This is exercise 4.2.12 of Fundamentals of matrix Computations from Watkins:
Let $A \in\mathbb R^{n\times m}$, $n \geq m$, $\operatorname{rank}(A) = m$ with complete SVD $ A = U\Sigma V^T$, $U\in \mathbb R^{n\times n}$ and $V\in R^{m\times m}$ are orthogonal matrices and $\Sigma\in \mathbb R^{n\times m} = \operatorname{diag}(\sigma_1,\ldots,\sigma_m)$ with singular values $\sigma_1\geq \sigma_2\geq\cdots\geq \sigma_m\geq 0 $.

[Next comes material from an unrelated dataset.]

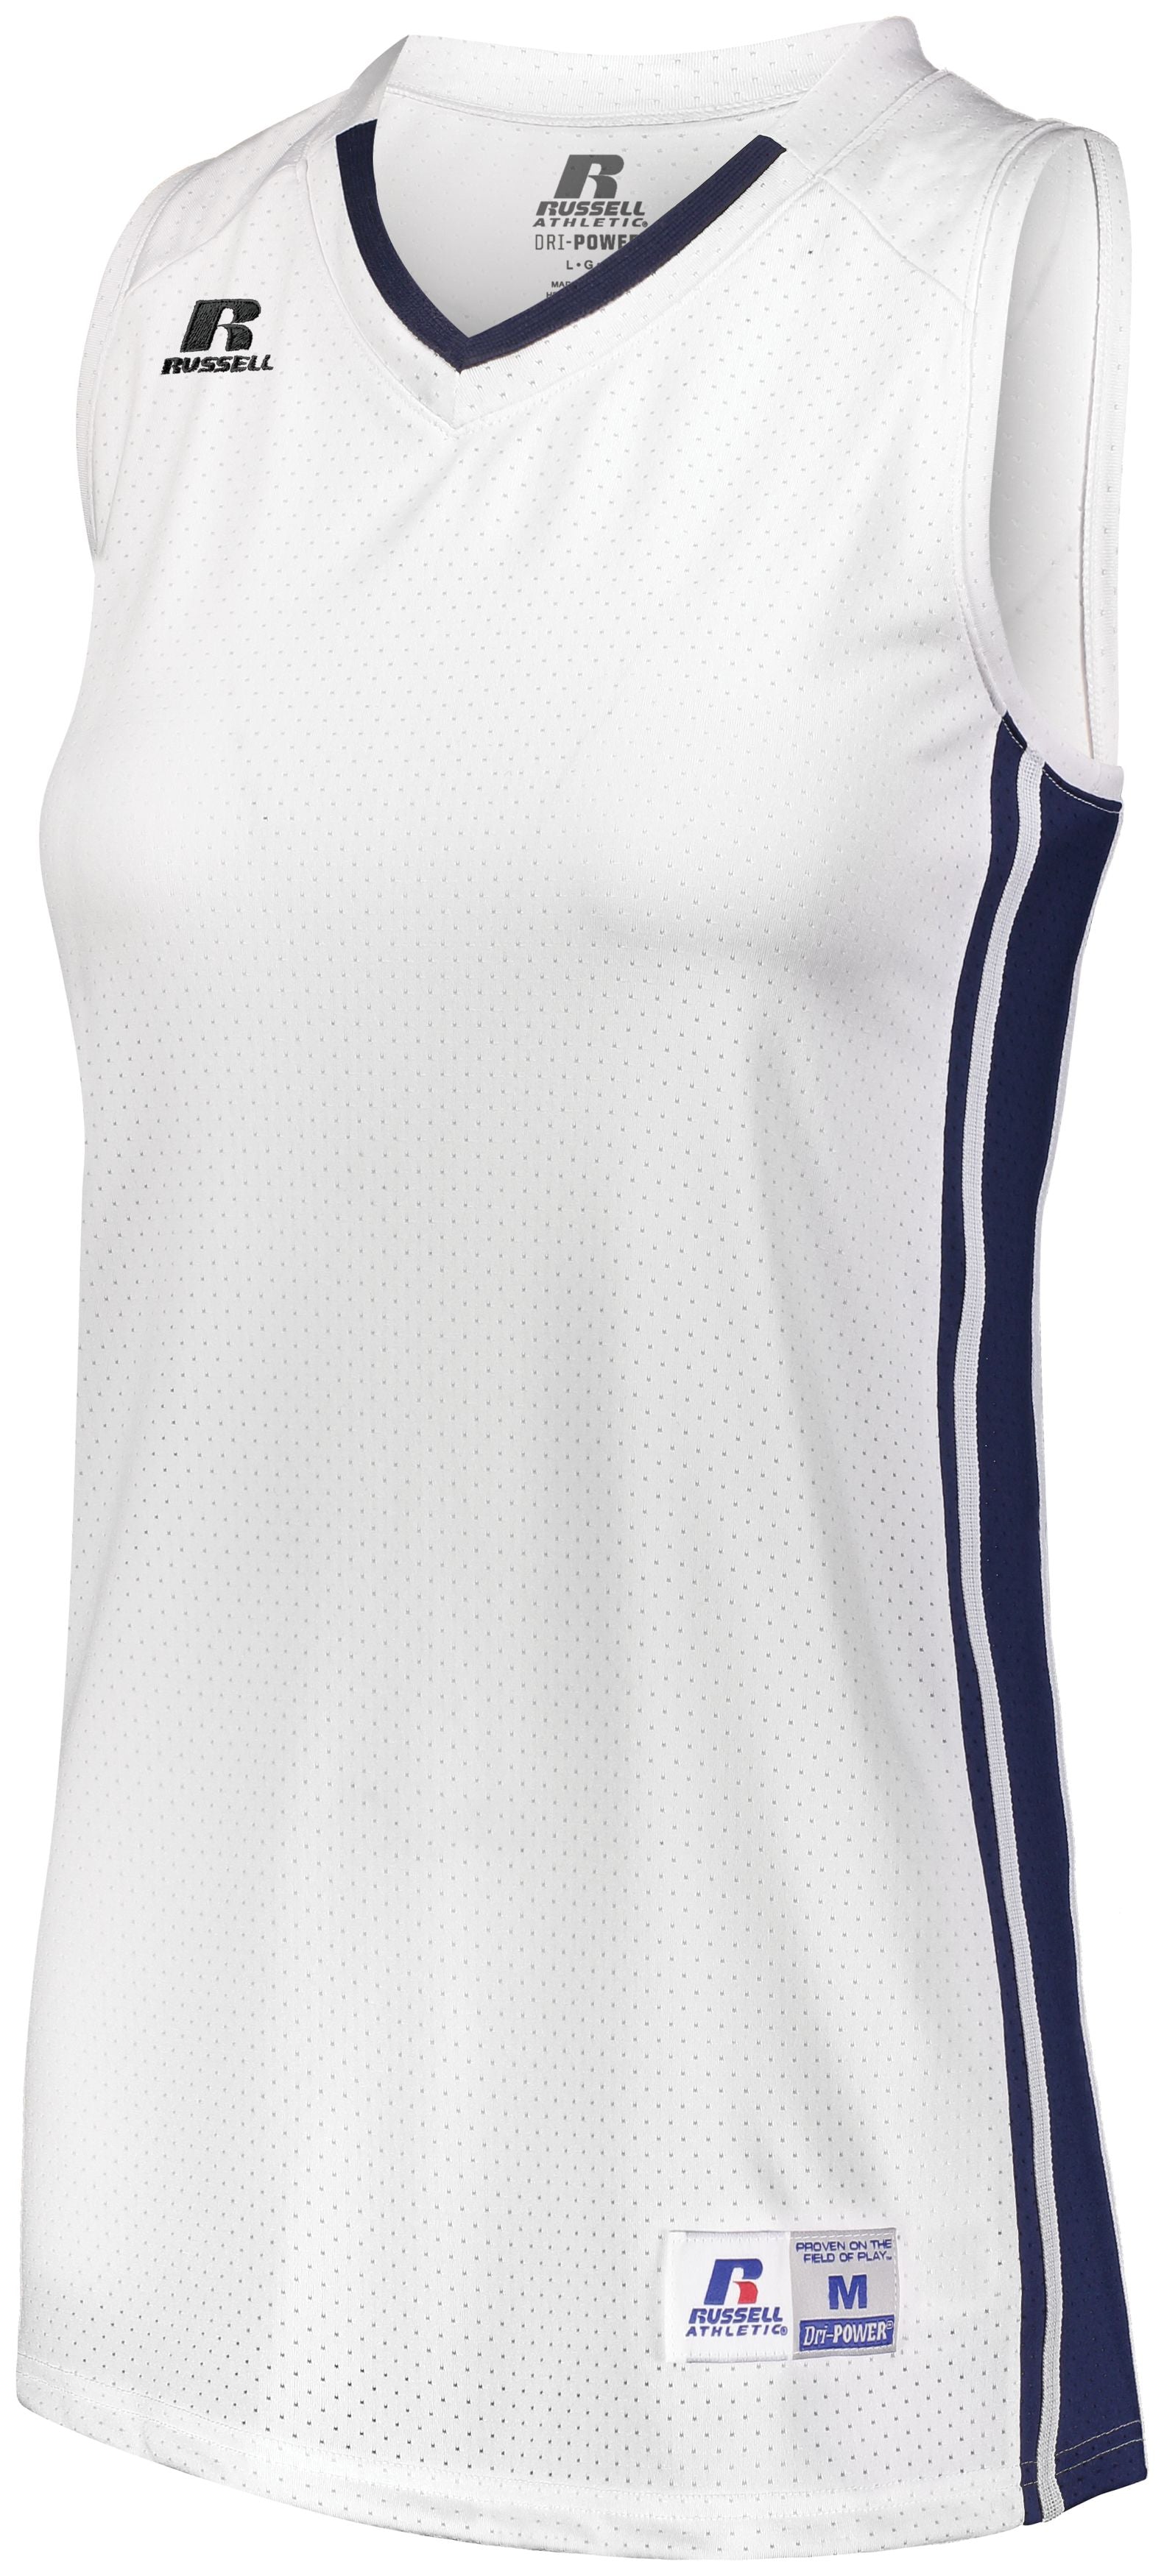 Russell Athletic Ladies Legacy Basketball Jersey in White/Navy  -Part of the Ladies, Ladies-Jersey, Basketball, Russell-Athletic-Products, Shirts, All-Sports, All-Sports-1 product lines at KanaleyCreations.com

I need to find the SVD for $A(A^T A)^{-1} A^T$ :
$$A(A^T A)^{-1} A^T = (U \Sigma V^T)(V(\Sigma^T \Sigma)^{-1} V^T)(V \Sigma^T U^T) = U \Sigma(\Sigma^T \Sigma)^{-1} \Sigma^T U^T. $$
Since $\Sigma(\Sigma^T \Sigma)^{-1} \Sigma^T = \operatorname{diag}(\frac{1}{\sigma_1},\ldots,\frac{1}{\sigma_m}) \operatorname{diag}(\sigma_1,\ldots,\sigma_m) = I_n$ , we have that $ A(A^T A)^{-1} A^T = U I_n U^T = I_n$ . But I think I should obtain $V^T$ in the last expression instead of $U^T$.
What did I do wrong ? Any help will be appreciated